Everything You Need to Know About Canola

It’s no secret that canola oil has gotten a lot of praise within the health community. Tons of bloggers, nutritionists and even the FDA talk up its health benefits and nutritional value. But is it really healthier than other cooking oils? And how healthy are its breeding and manufacturing processes?


Canola oil comes from the canola plant, a member of a large family of plants known as crucifers. The canola plant was first breed in the 1960s on prairies by Canadian scientists who initially took the rapeseed plant and used traditional breeding methods to remove the anti-nutritional components, erucic acid and glucosinolates, from the rapeseed (These toxic chemicals are what led the FDA to ban the human consumption of rapeseed oil in 1956.)

In 1970 the canola plant was trademarked. While it still looks the same as rapeseed, it is a completely different plant with a different nutritional makeup. It is internationally regulated that in order to use the trademarked “canola” name, the product must contain no more than 30 micromoles of glucosinolates and less than 2 percent of erucic acid.
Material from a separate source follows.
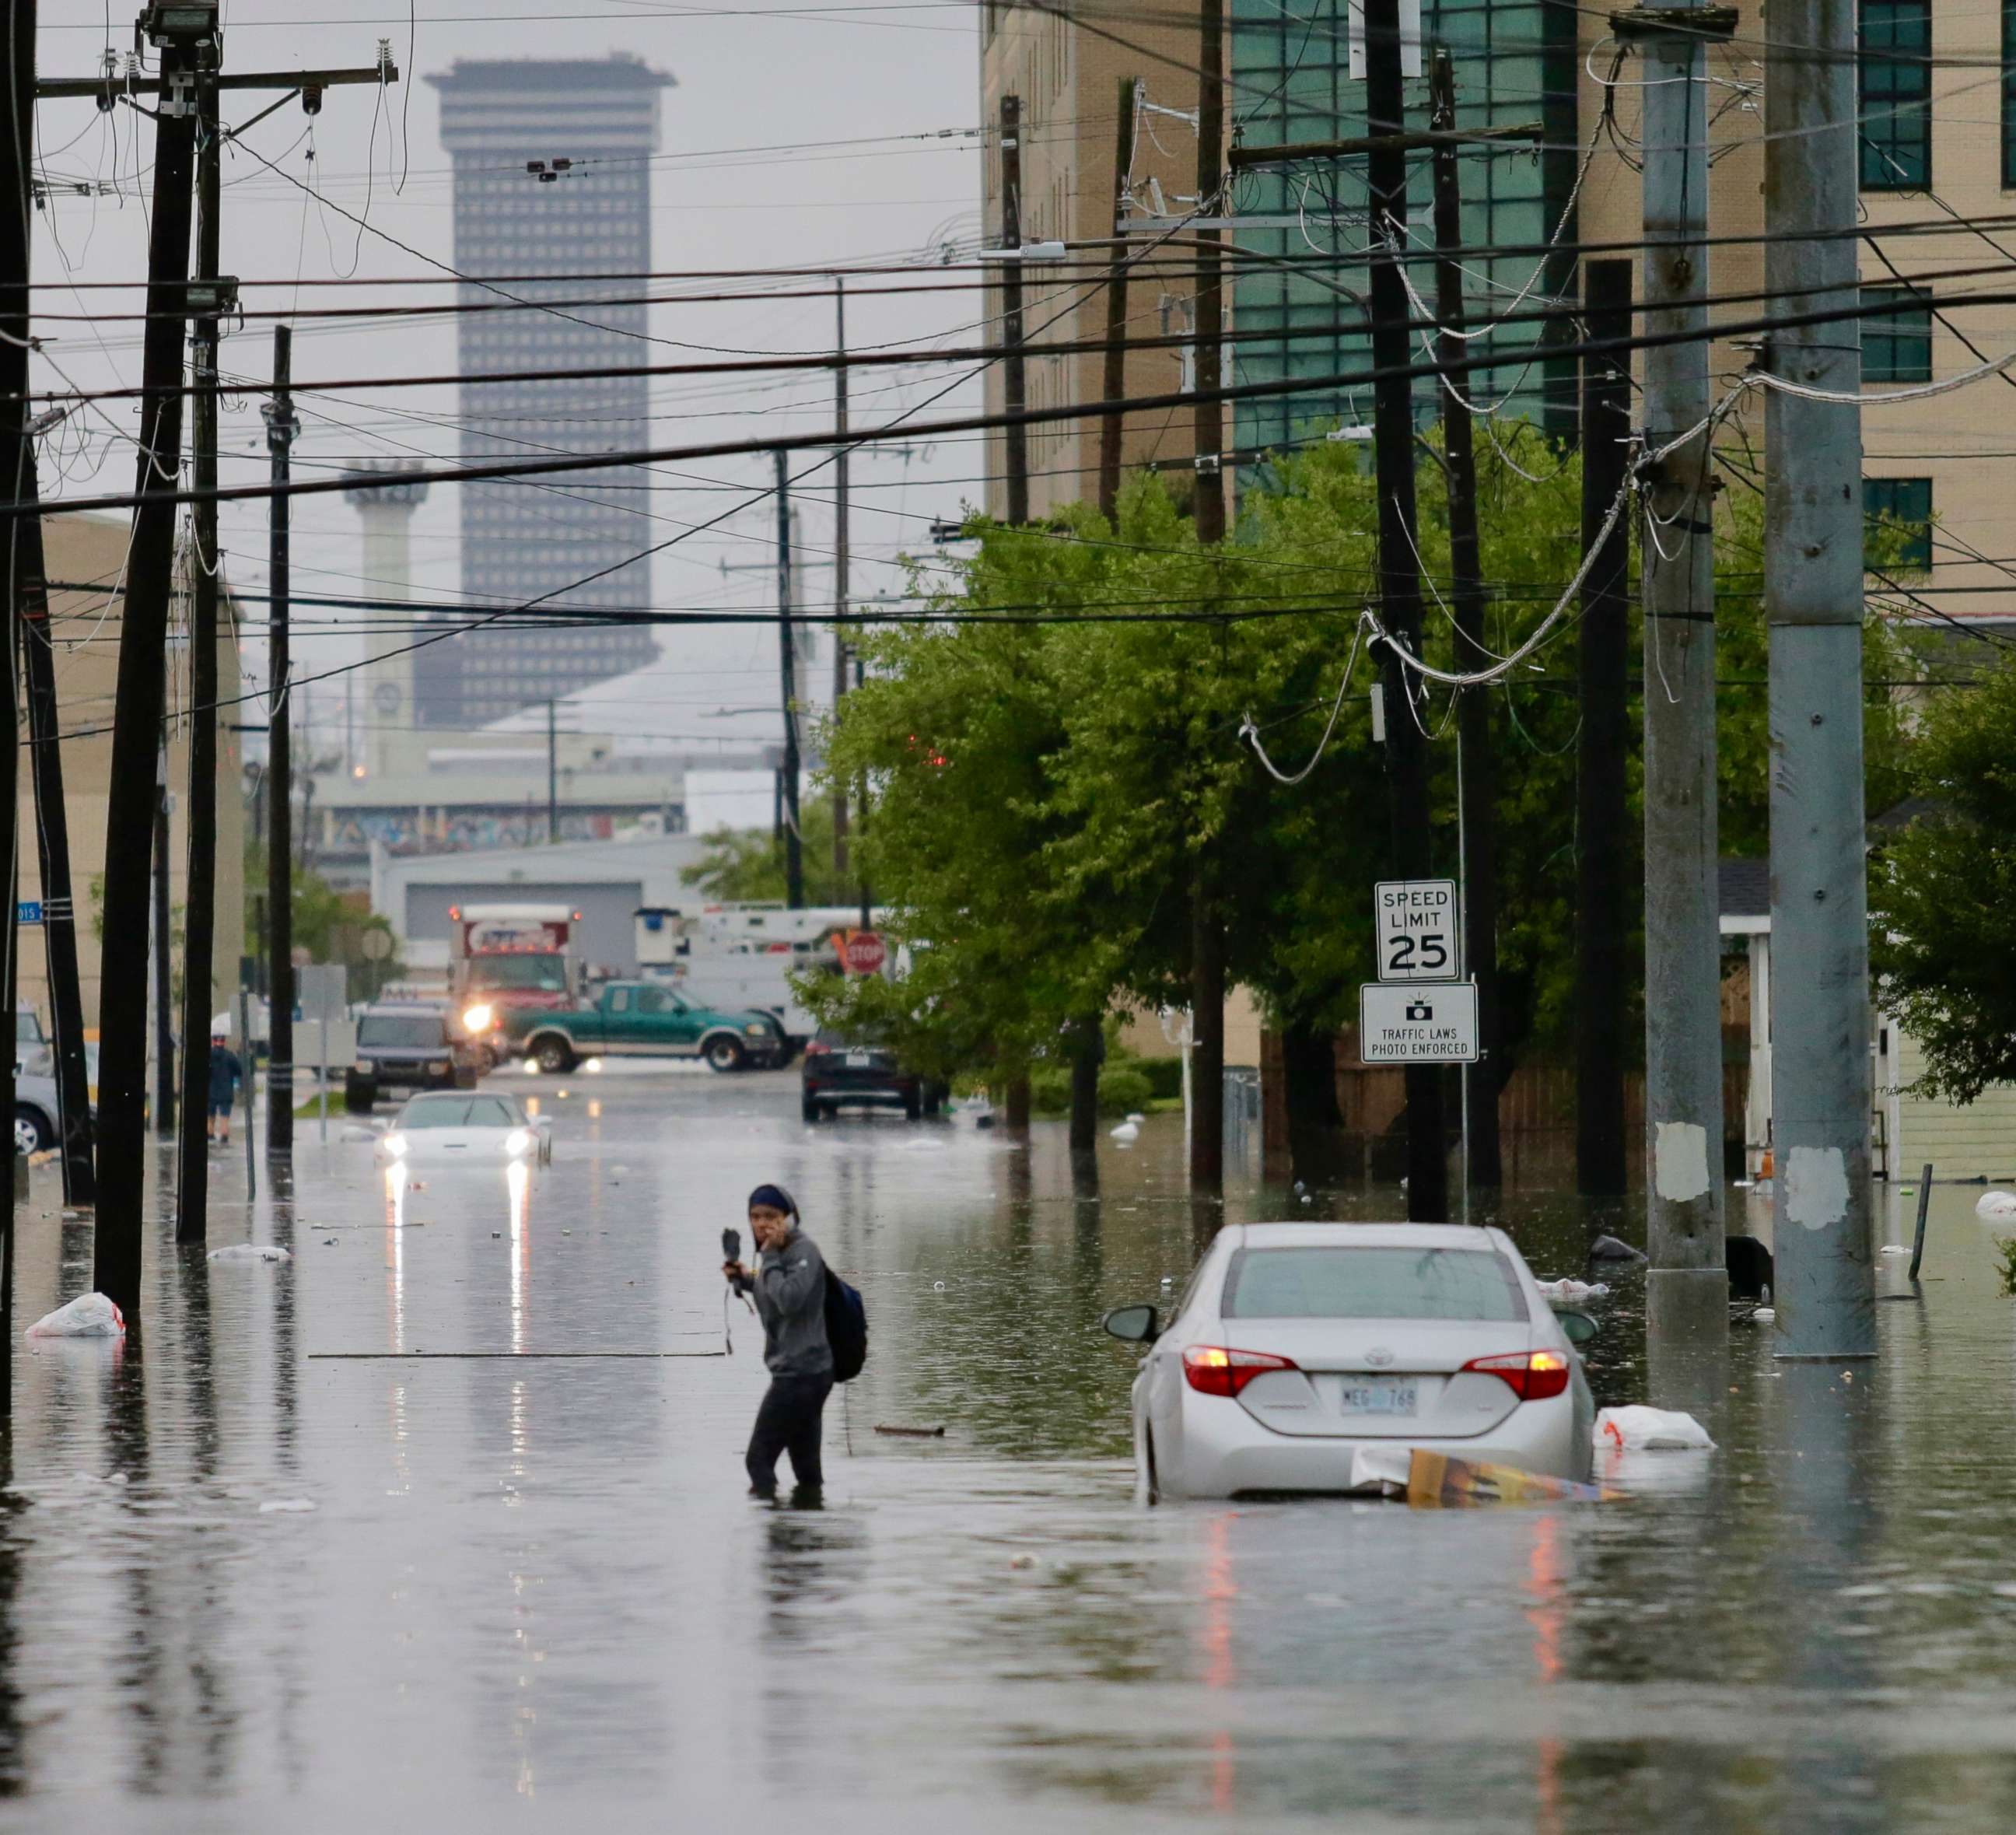 PHOTO: A person crosses a flooded road as heavy rain falls, July 10, 2019, in New Orleans.

Canola plants grow to a height of one to two meters. The yellow flower produces seedpods that are about 5 centimeters in length and there is an average of 60 to 100 pods per plant. Inside each pod there are 20- 30 tiny round seeds about 1 mm in diameter and each seed contains 42-43 percent canola oil.

When it is ready to harvest, the plant changes color from green to light yellow. That’s when the seeds are ready to be crushed to extrude the canola oil.

When the canola seeds are crushed they are broken down into their two component parts – oil and meal – and are both further manufactured into a wide variety of products.


The fairly complex canola oil manufacturing process involves the use of some toxic chemicals. The full process has canola oil going through rounds of refinement, which includes deodorizing and bleaching. Refining is used to improve the color, flavor and shelf life of canola oil.

Furthermore, the introduction of herbicide tolerance has reduced the usage of natural resources in canola oil production. In Canada there are three main groups of herbicide-resistant canola: Roundup Ready and Liberty Link varieties that were produced using genetic modification, and Clearfield varieties that were developed using a traditional plant breeding technique called mutagenesis.

In these processes, a transgenic protein gene is inserted into the canola plant. However, all protein is removed from canola oil during processing, so herbicide-resistant canola oil contains no genetically modified material and is identical to canola oil from a non-genetically modified canola plant.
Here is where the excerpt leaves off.